Biochemical therapy has made him so much more available for learning. His schooling, and life experiences, and activities with mom and dad have been more beneficial for his learning than ever. His academic progress has been phenomenal. (He can read many words.) But it is his social progress that makes me the most proud of all, and these pictures are a clear documentation of that.

Saturday, October 17, 2009

Siblings

I am an autism sibling. I've had lots of my experiences come to mind lately as I've been thinking about what my family may be like in the future. I live in a very family oriented part of the country. It is not uncommon to see a woman my age or even younger tote three or four children to the grocery store. When people see that I have a four year old and no other children and no signs of expecting, I get asked, "Do you want more kids?" Rude, I know.

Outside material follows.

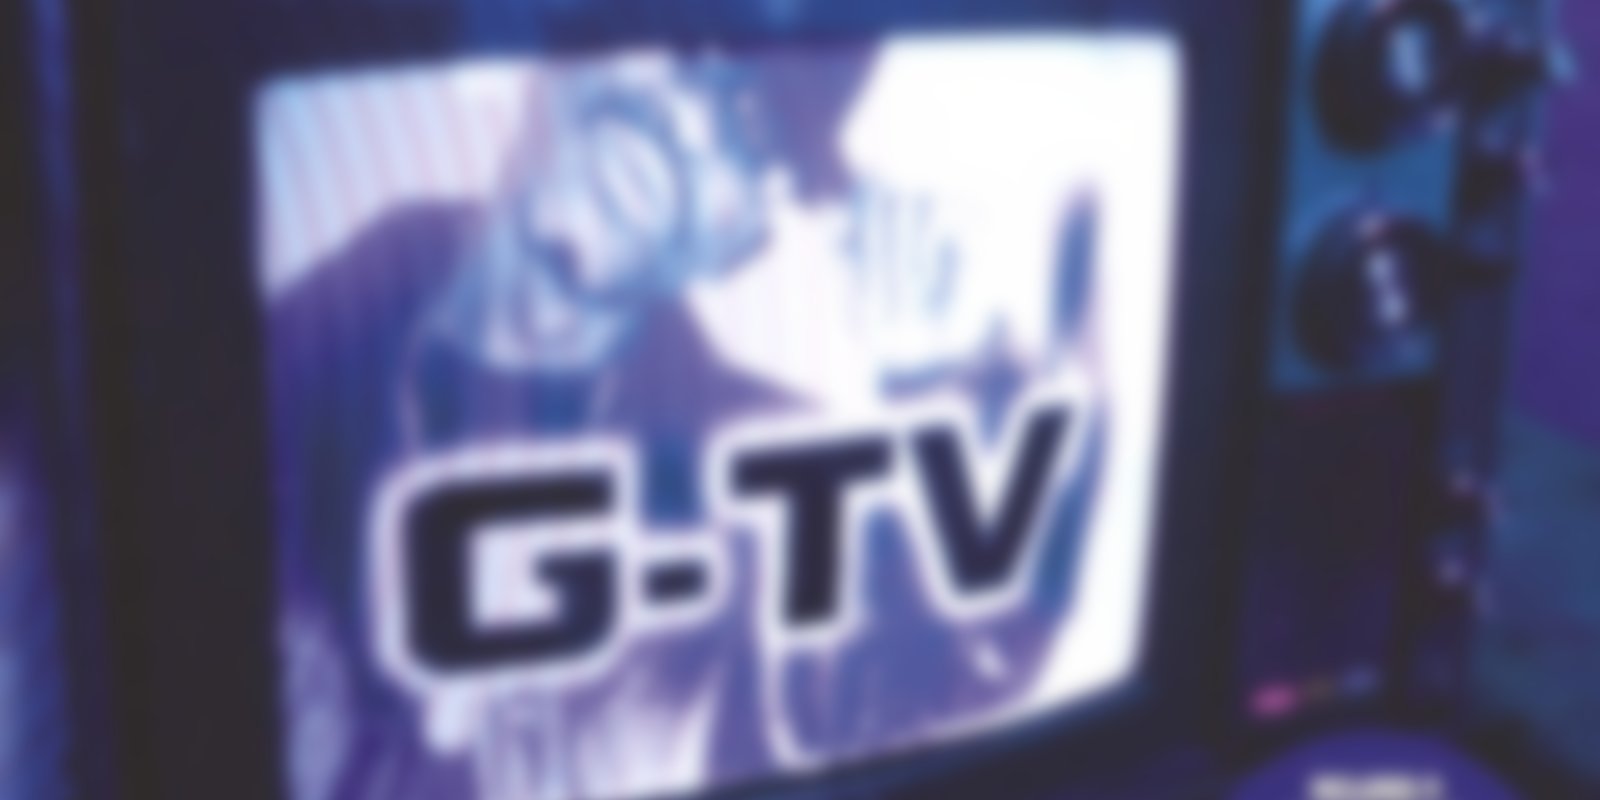 Kurupt - G-TV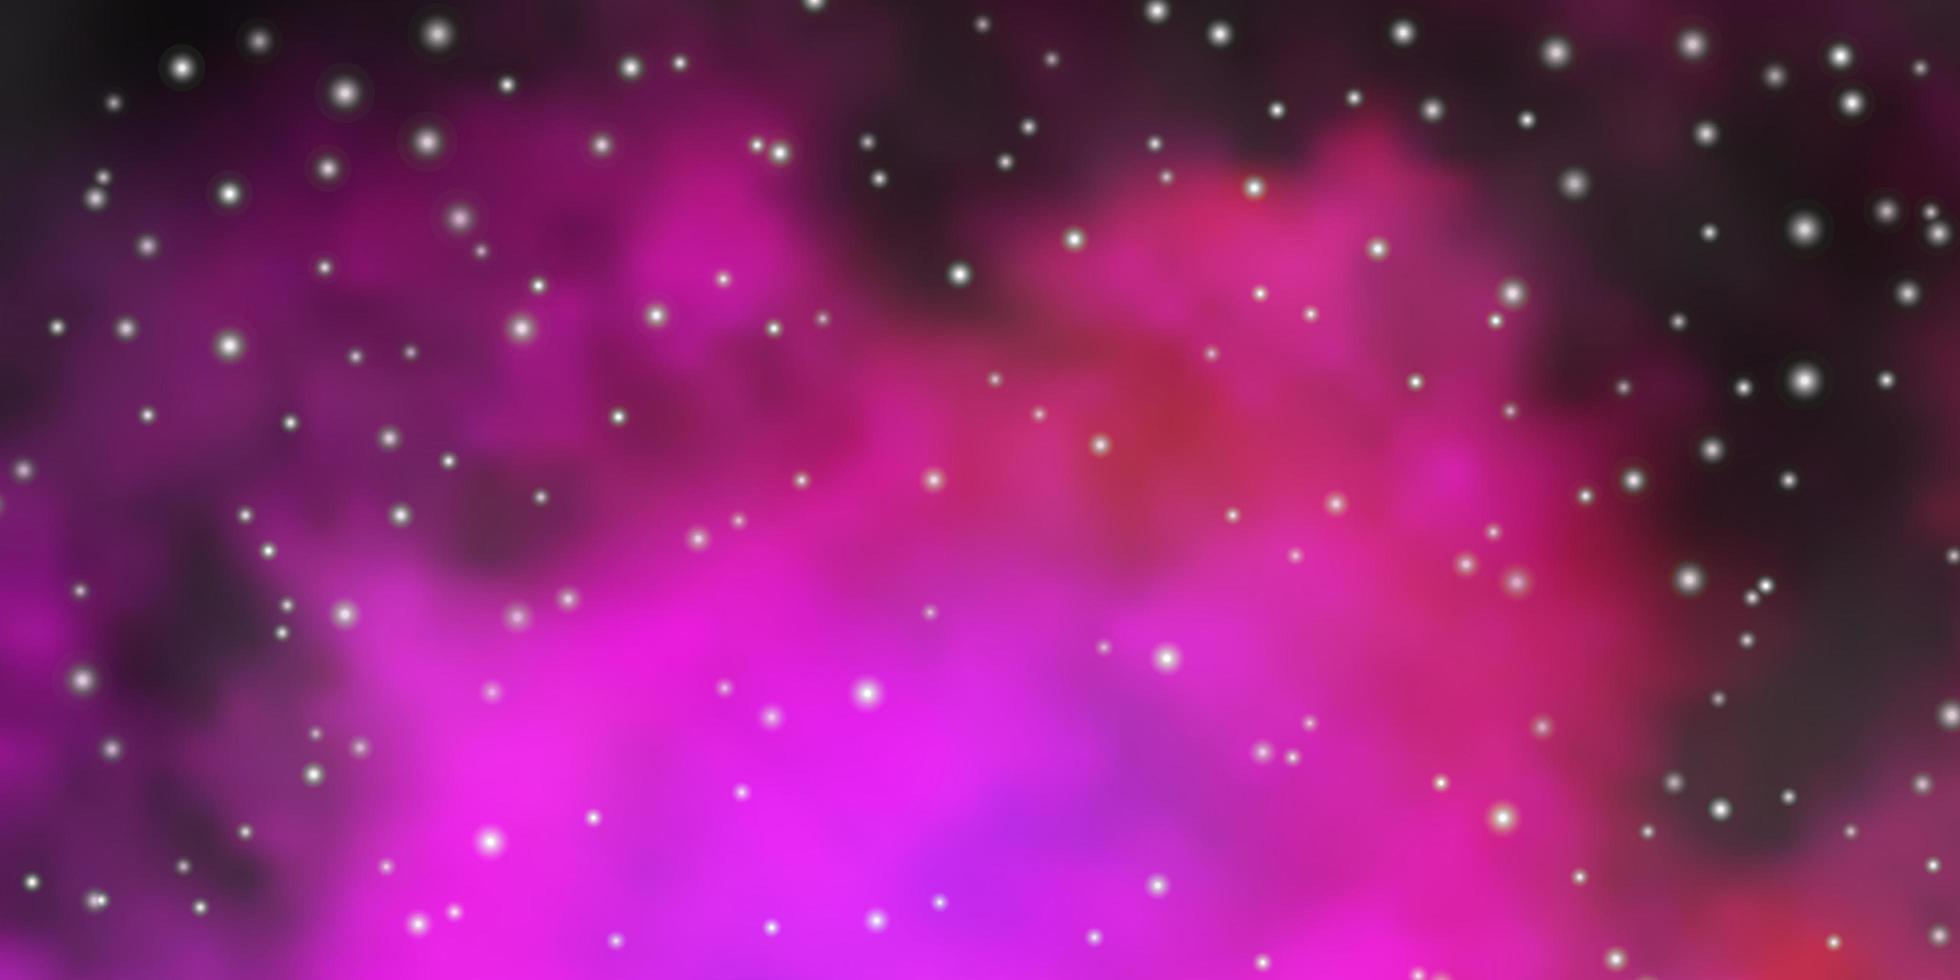 layout de vetor rosa escuro com estrelas brilhantes. ilustração abstrata geométrica moderna com estrelas. padrão para anúncio de ano novo, livretos.

I have a memory bank full of experiences of what it is like to be an autism sibling. I wouldn't call my teenage years "normal." My brother is classically autistic in the moderate range. While there were definitely rewarding experiences, there were also lots of challenges.

This is a story I wrote for autism siblings in a previous post. Even though I am not much of a writer, I feel like for this story I included a good balance of the good and the challenging.
Read The Chocolate Effect here.

I did have some friends that were like the Allison in the story and I will always be grateful. (Admittedly though, we would usually hang out at other places besides my home.) My most Allison like friend, (as far as the purposes in the story goes, anyway,) was the young man that I eventually married. When we were just friends in high school Jason would invite himself over and hang out. He put up with my brother's antics marvelously. My sister and I coined the challenge of our brother with new people "The Jared Test" and when we were young adults we used it on all our dates. We learned quickly which of the young men were most patient. It turned out to be a very viable test.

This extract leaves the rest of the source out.